The University Program Board put on the event, with Ashlee Roberts, the assistant director of student involvement, serving as its moderator.
“With the national theme for Black History Month being African Americans in times of war, and in conjunction of the ongoing conversations of police brutality, Black Lives Matter, Colin Kaepernick taking a knee during the anthem, among other issues,” Roberts said, by way of introduction, “we wanted to create a space where we could have a conversation about the historical questioning of Black patriotism in the U.S.”
She then introduced a panel that included Richard Marks, the interim director of the Cross Cultural Center at Saint Louis University; Dominic Dorsey, the director of Disability Support Services at Southern Illinois University Edwardsville; and Kevin Windham, a candidate running to represent the 85th District in the Missouri House of Representatives.
Roberts then read the Langston Hughes poem “I, Too” that inspired the event’s title before beginning the discussion with the panel.
Dorsey spoke early on about the experience of having his patriotism questioned when protesting to highlight racial injustice.
“If we didn’t have an affinity for this country, we wouldn’t raise a stink about it,” he said. “The other side of it is we have more stock in this country than anybody other than probably our indigenous brothers and sisters because the blood of our ancestors is in the soil. So we have a responsibility to raise our voice and to say something about the state of affairs as early and as often as possible.”
They talked about the meaning of the Fourth of July, and all three acknowledged celebrating with barbecues as children. But it wasn’t until they got older that they became more conscious of the fact that America’s birthday didn’t mark independence for their ancestors the same way.
African American freedom for many is better commemorated with Juneteenth, the annual celebration of the end of slavery in the United States with news of its abolition spreading to Texas in June 1865.
Marks talked about the feeling of pride that came with the election of Barack Obama in 2008.
“Who’d have ever thought there’d be a black president, a biracial president, a multiracial president?” he said. “I think for us, American the country did something that should have been done years ago, and it was time.”
But that sense of pride hasn’t always been easy to maintain in the years since.
Speaking about issues like police brutality, more readily apparent in the present day, Marks acknowledged times where “no, I don’t feel proud to be an American. I do not feel that America cares about me and my work for my success and those that work for me.”

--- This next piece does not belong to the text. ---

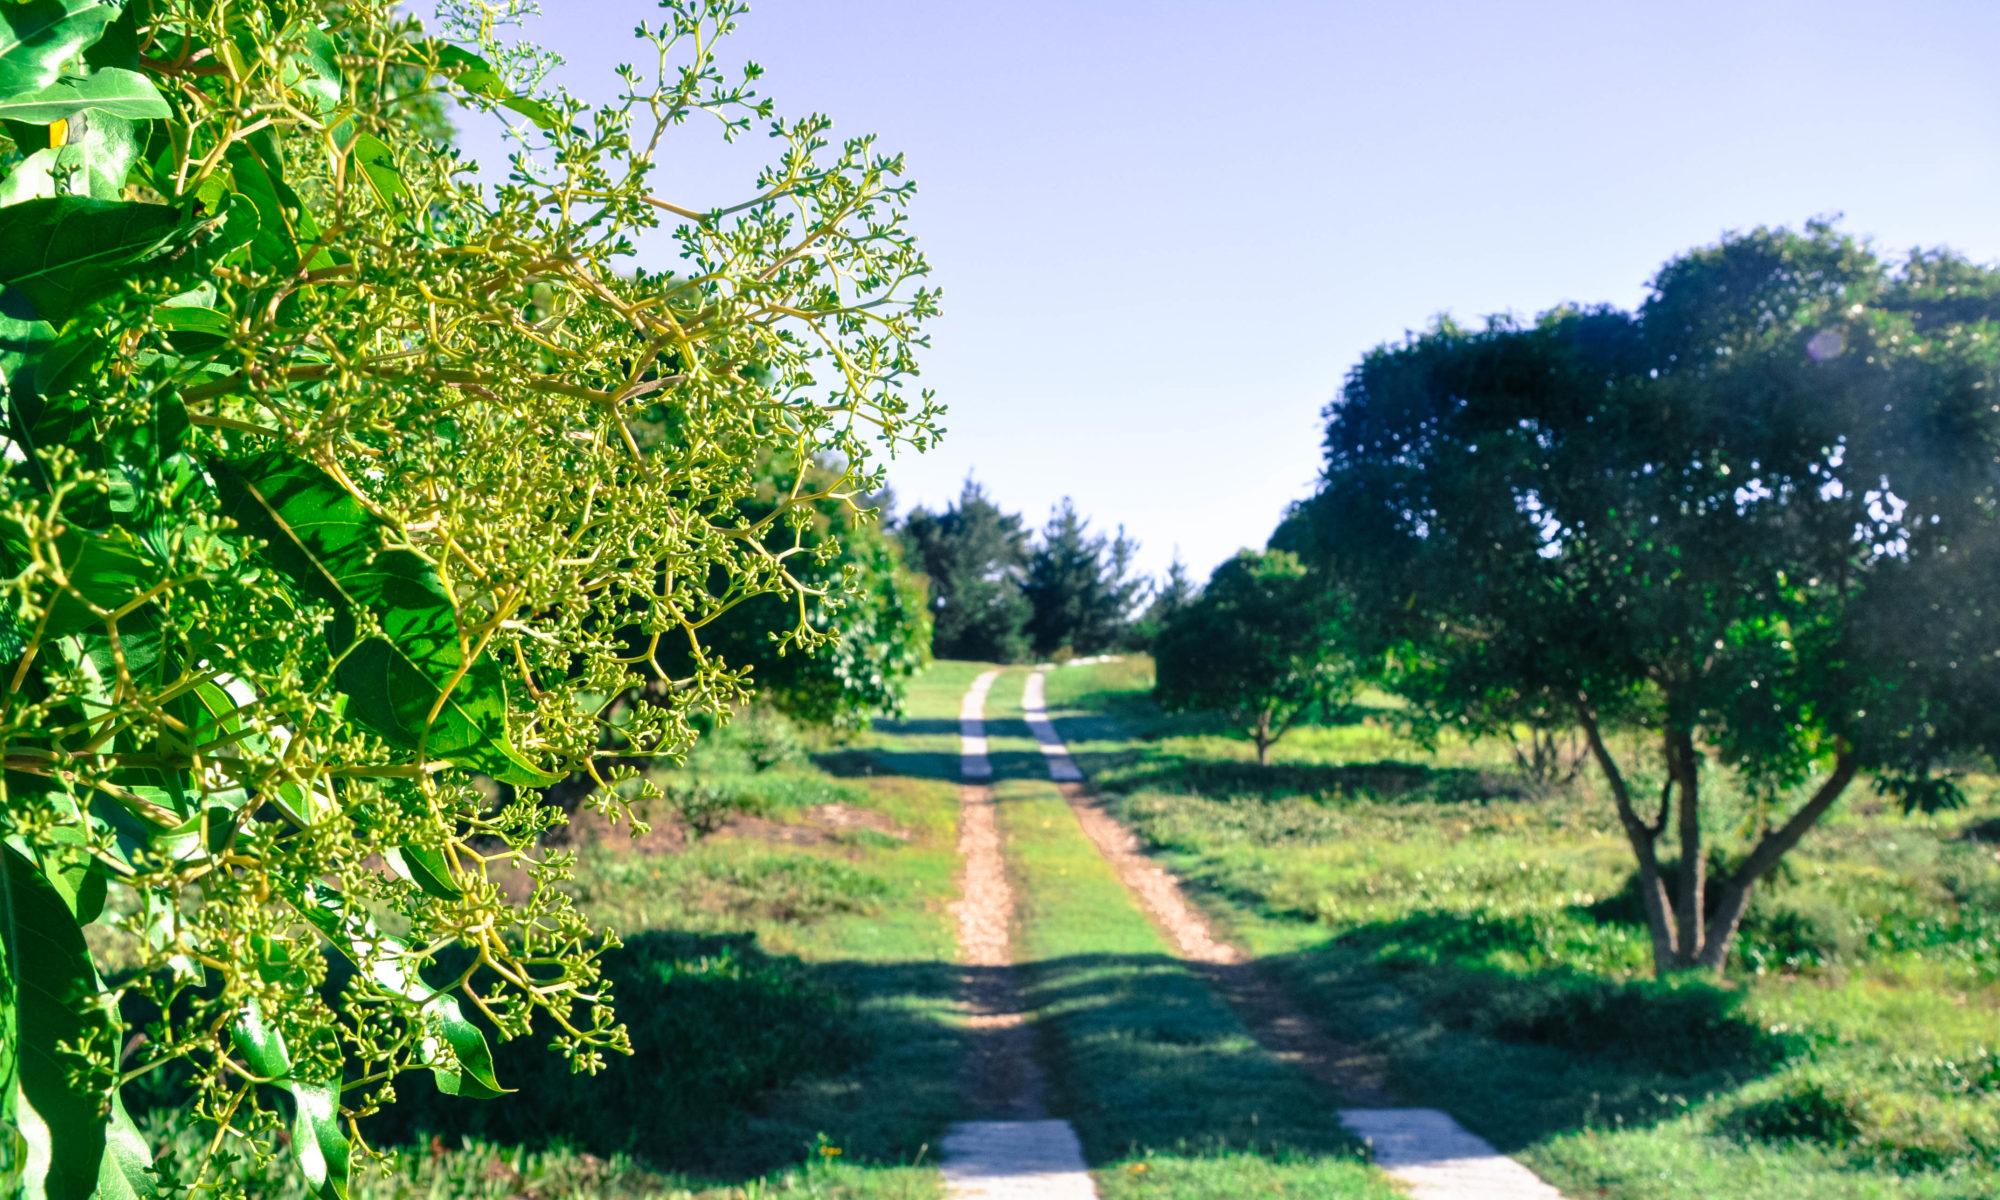 Equleni Farm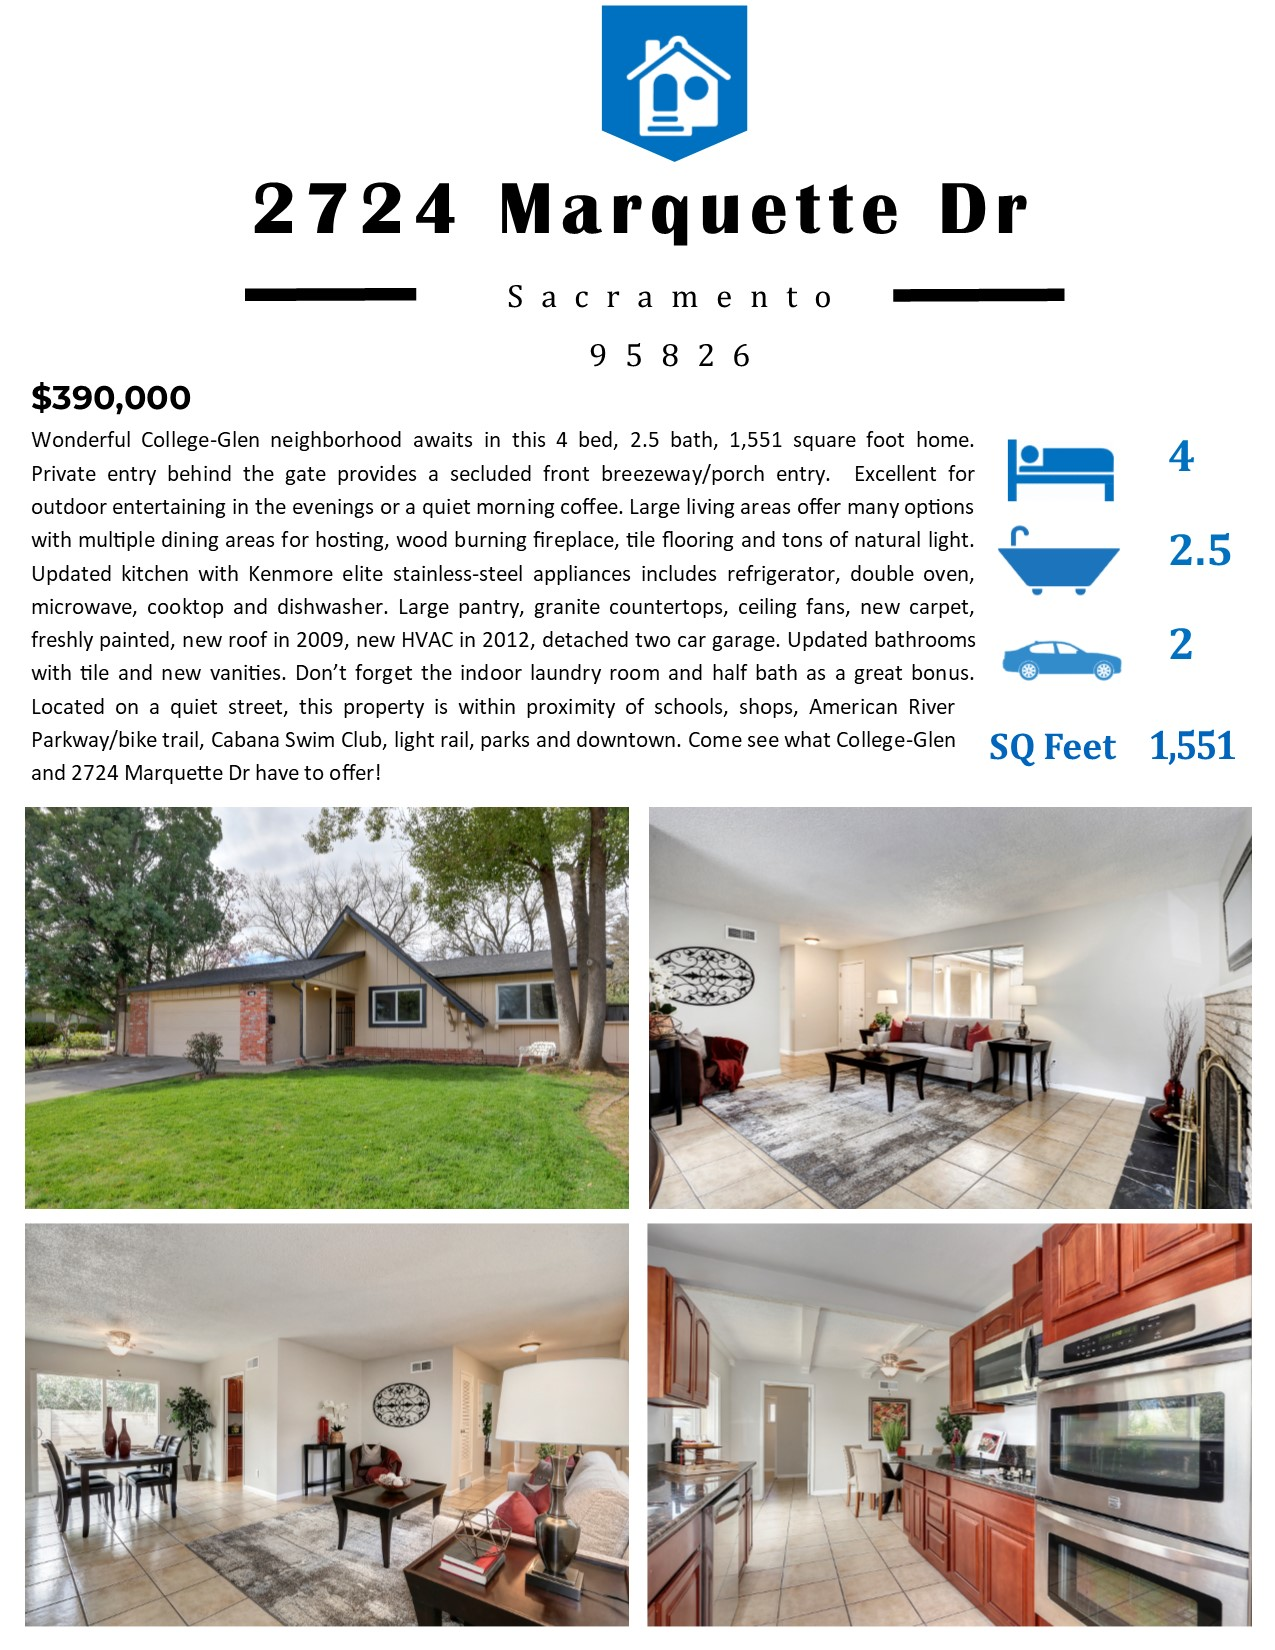 Flyer Front - 2724 Marquette Dr, Sacramento CA 95826.jpg

While engaging with the audience, they discussed ways people can most effectively continue the fight for equality.
Change requires political power, and Dorsey doesn’t think pushing voter registration drives is enough.
“We register to vote really well,” he said. “Black folks register to vote like nobody’s business. We need people to run.”
Fedrick, who’s been a regular at Black History Month events throughout February, left the event with plenty to think about.
“I thought the panel was very informative, and there were a lot of things that they said that I felt like I could really relate to,” she said. “They really touched on a lot of things, a lot of things that I personally feel, an example being when they were talking about voting and young people and also getting into politics.
“It’s something I was never really talked to about or told about until I really got older and in college, and I feel like it should start very much earlier.”